Liberating Ourselves From the American Dream

by Alissa Quart

Pub Date: March 14th, 2023
ISBN: 9780063028005
Publisher: Ecco/HarperCollins

A contrarian rebuttal of the notion that wealthy Americans deserve everything they have and that the “poor are responsible for their own poverty.”

Building on her previous book, Squeezed: Why Our Families Can’t Afford America, journalist Quart, head of a nonprofit called the Economic Hardship Reporting Project, dissects the notion of bootstrapping, “a shorthand term I am using to describe…every-man-for-themselves individualism.” As the author amply demonstrates, that doctrine of individualism has been a long-standing, deeply ingrained trope in American life.

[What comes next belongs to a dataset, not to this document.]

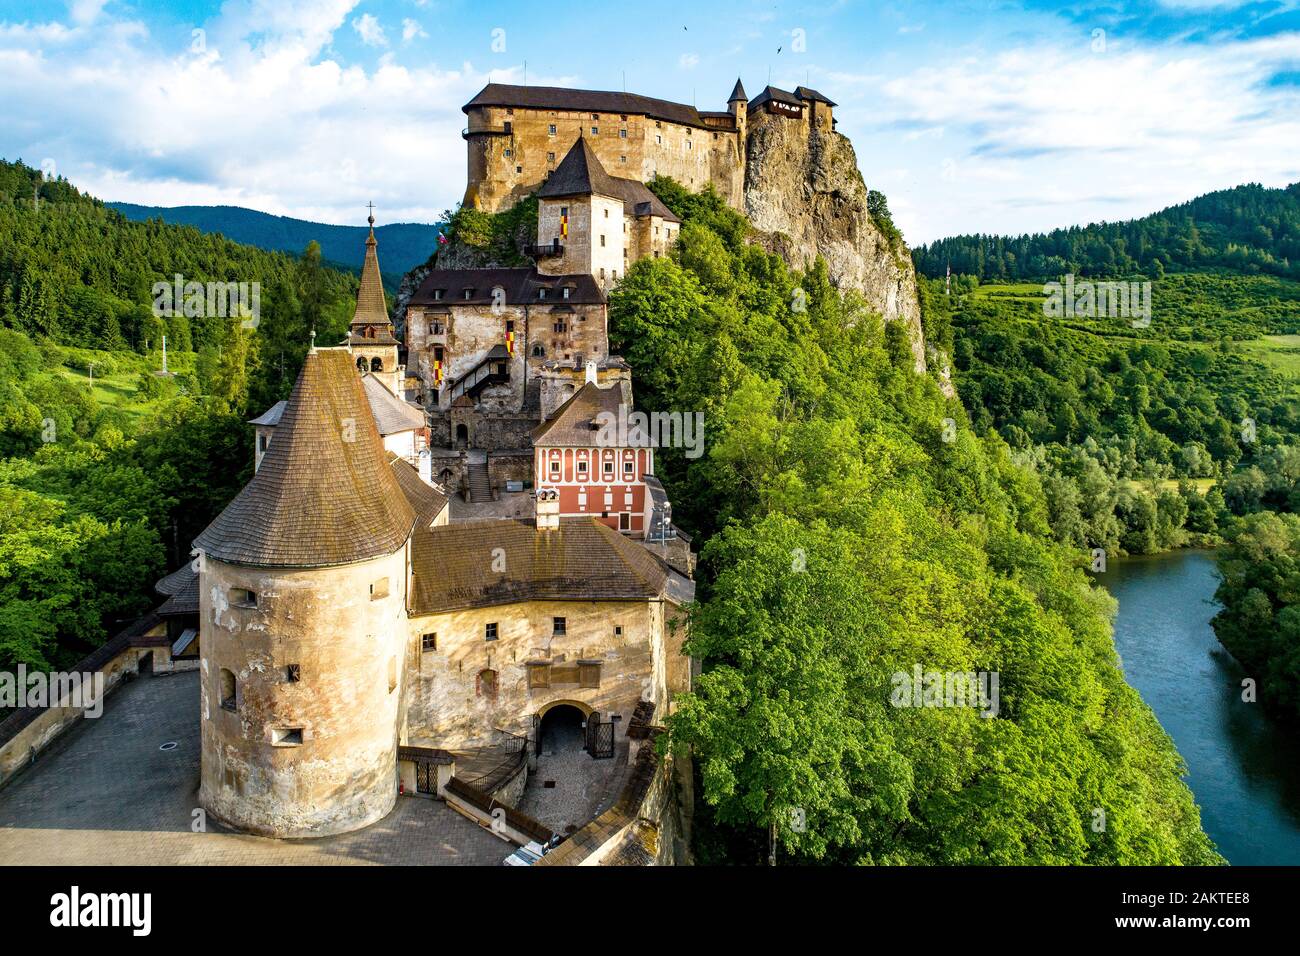 Orava castle - Oravsky Hrad in Oravsky Podzamok in Slovakia. Medieval stronghold on extremely high and steep cliff by the Orava river. Aerial view Stock Photo

To demonstrate that fact, Quart examines aspirational literary works by writers such as Horatio Alger and Laura Ingalls Wilder, the latter of whom, writes Quart, painted a portrait in her Little House series of rugged self-reliance even as her father “was not such a great farmer and thus leaned on his neighbors for help far more than Wilder tended to admit in her books.” Emerson and even Thoreau are called on the carpet and found wanting, too, before Quart moves on to modern rallying cries such as the mindfulness movement, carefully instilled in corporate culture not to produce generations of Buddhist saints but instead to urge people to become more productive. Within this system, far too many people rely on a “dystopian social safety net” in order to make it from paycheck to paycheck or even to stay alive, whether visiting warming stations to keep from freezing to death in winter or free dental clinics to offset the fact that “fewer than half of American dentists accept Medicaid.” Against these harsh realities, which she reports on cogently and without rancor, Quart proposes a more meaningful safety net of cooperative work and mutual aid, whereby workers pool their capabilities and time to produce needed and sustainable things while being their own bosses—a situation that, she notes, reflects dependence, independence, and interdependence all at once.

A provocative, important repudiation of gig-economy capitalism that proposes utopian rather than dystopian solutions.